Bear of the Month – Kandi

June 23, 2020 | By Smriti Suri

As the sun rises over the Agra Bear Rescue Facility, a distinctive sound is heard across the centre. The keepers know who it is, and merely say, “Oh there goes Kandi, again.” The early riser makes his presence known the minute his eyes open and he’s not the lazy type at all. Waking up to a bright morning, Kandi rushes out into his enclosure and stats playing with the double story enrichments.

Kandi has been under the care of Wildlife SOS for seven years now, and in this period, has blossomed into a healthy, happy bear who enjoys playing and hanging out under the open blue skies. Very much an outdoor bear , he is rarely spotted inside his den. In fact, Kandi is one of the few -bears that can be viewed frolicking outside in his enclosure even during light showers in the monsoon! He has a very peculiar habit of sticking his tongue out to catch the shining droplets; it’s an adorable sight to watch! Looking at Kandi today, it is impossible to believe that his life was quite unrecognizable once.

Kandi can be viewed frolicking outside in his enclosure even during light showers in the monsoon! [Photo (c) Wildlife SOS/Shresatha Pachori]

Kandi was born in the lush tropical deciduous forests bordering the state of Jharkhand, and would have spent his whole life there, had fate not sketched a different path for him. Like most sloth bears that are unfortunate to chance upon humans in their territory, Kandi was captured as a cub and sold into the ‘Dancing Bear’ practice where life changed drastically. His indoctrination into the trade was incredibly painful, and his scars when he was rescued are testimony to the agonized past he lived through. Poked with a hot rod iron and having a rough, coarse rope thrust through his delicate muzzle was only the beginning of his story.

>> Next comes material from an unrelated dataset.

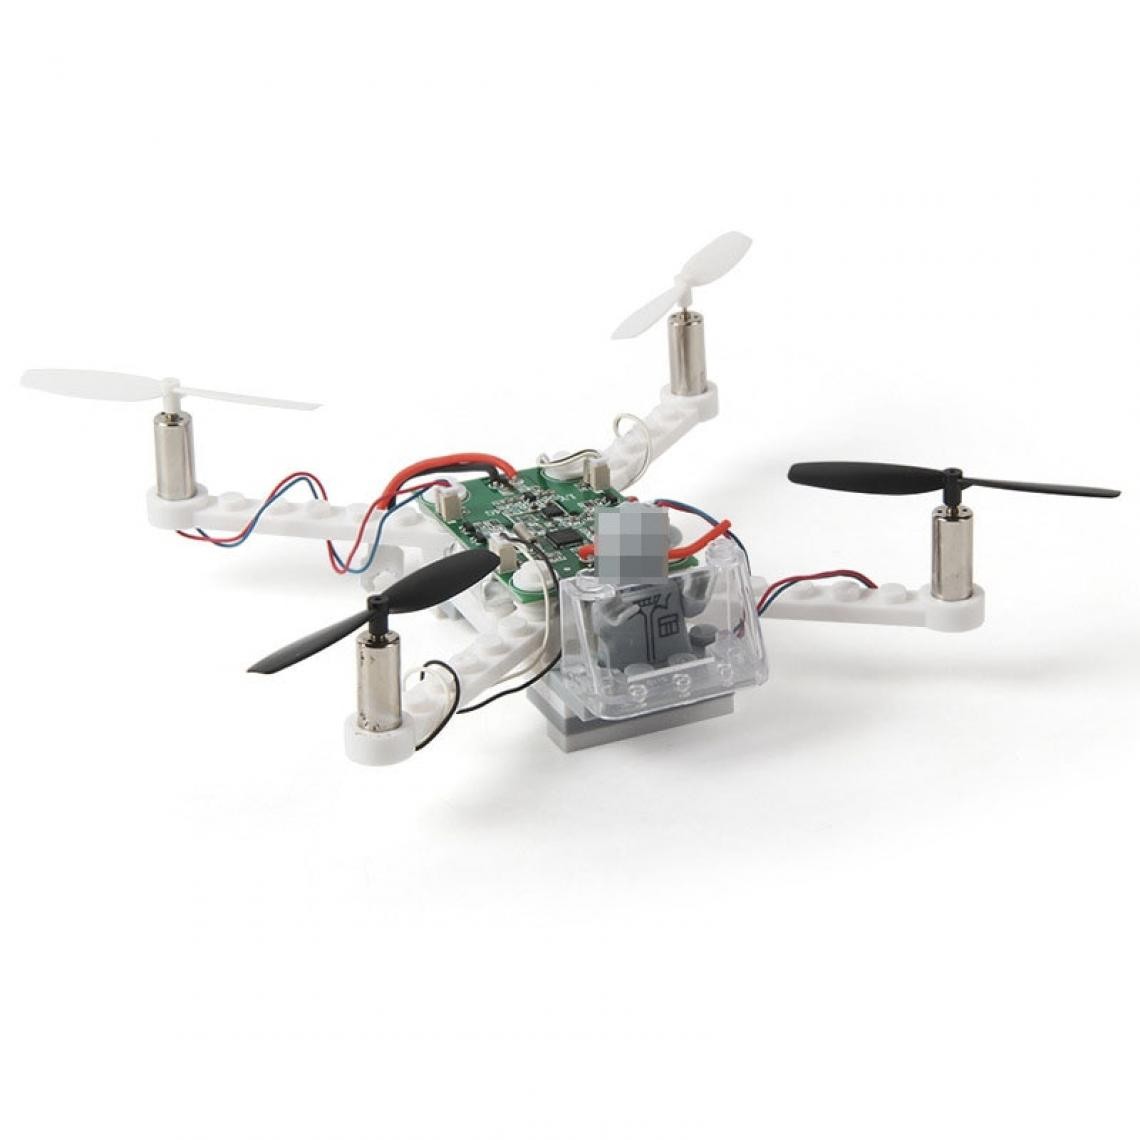 Universal - Hélicoptère RC Bricolage Blocs de construction Drone 2.4G 4CH Mini 3D Brick Quadcopter Assemblage Jouet éducatif | Hélicoptère RC(blanche) - Drone

Kandi has been under the care of Wildlife SOS for seven years now. [Photo (c) Wildlife SOS/Shresatha Pachori]

Fortunately for Kandi, he soon came under the radar of Wildlife SOS, and was rescued and brought to the Agra Bear Rescue Facility- His condition brought tears to his rescuers’ eyes – the thin, bony frame, shaggy dull coat and open wounds on his muzzle had been witnessed many times before, but each new case was like a fresh wound, painful and cankerous. However, we weren’t going to give up on him, and his journey of recuperation started the minute he stepped into our centre.

With dedicated care on behalf of his veterinarians and keepers Kandi’s health started taking a turn for the better. His coat gained lustre, his wounds started healing and the stereotypy that resulted from years in the ‘dancing bear’ trade such as head bobbing and swaying gradually receded. With the best medical and emotional care available for Kandi, he soon realised that here he wasn’t going to be harmed and began trusting his keepers.

Kandi loves spending time scaling the structural enrichments installed in his enclosure. [Photo (c) Wildlife SOS/Shresatha Pachori]

Seven years later, the playful bear has developed a very different personality. Kandi loves spending time scaling the structural enrichments installed in his enclosure. These bamboo platforms are covered with honey by his keeper and Kandi can be seen licking them from head to toe, ensuring that not even a single drop is left out! Honey is a very integral part of his diet; a generous helping laces the milky porridge served to him every morning. Of course, where there’s Kandi, you’ll always find coconut shells. The bear is absolutely nutty for coconut. He has quite a hearty appetite and has been known to consume as much as 3 kilograms of food in a day! Grams and dates form a great treat for Kandi, and he’s sure to try to steal some when his keeper swings by!

These bamboo platforms are covered with honey and Kandi ensures that not even a single drop is left out! [Photo (c) Wildlife SOS/Shresatha Pachori]

As the planet struggles in the vice-like grip of Covid-19, every keeper in the centre is constantly on their toes. They employ essential practices including using protective gear and other precautionary measures to ensure safety. Routines around the centres have been drastically changed to add extra levels of protection, and the keepers are constantly on the alert for unusual signs exhibited by the animals under their care.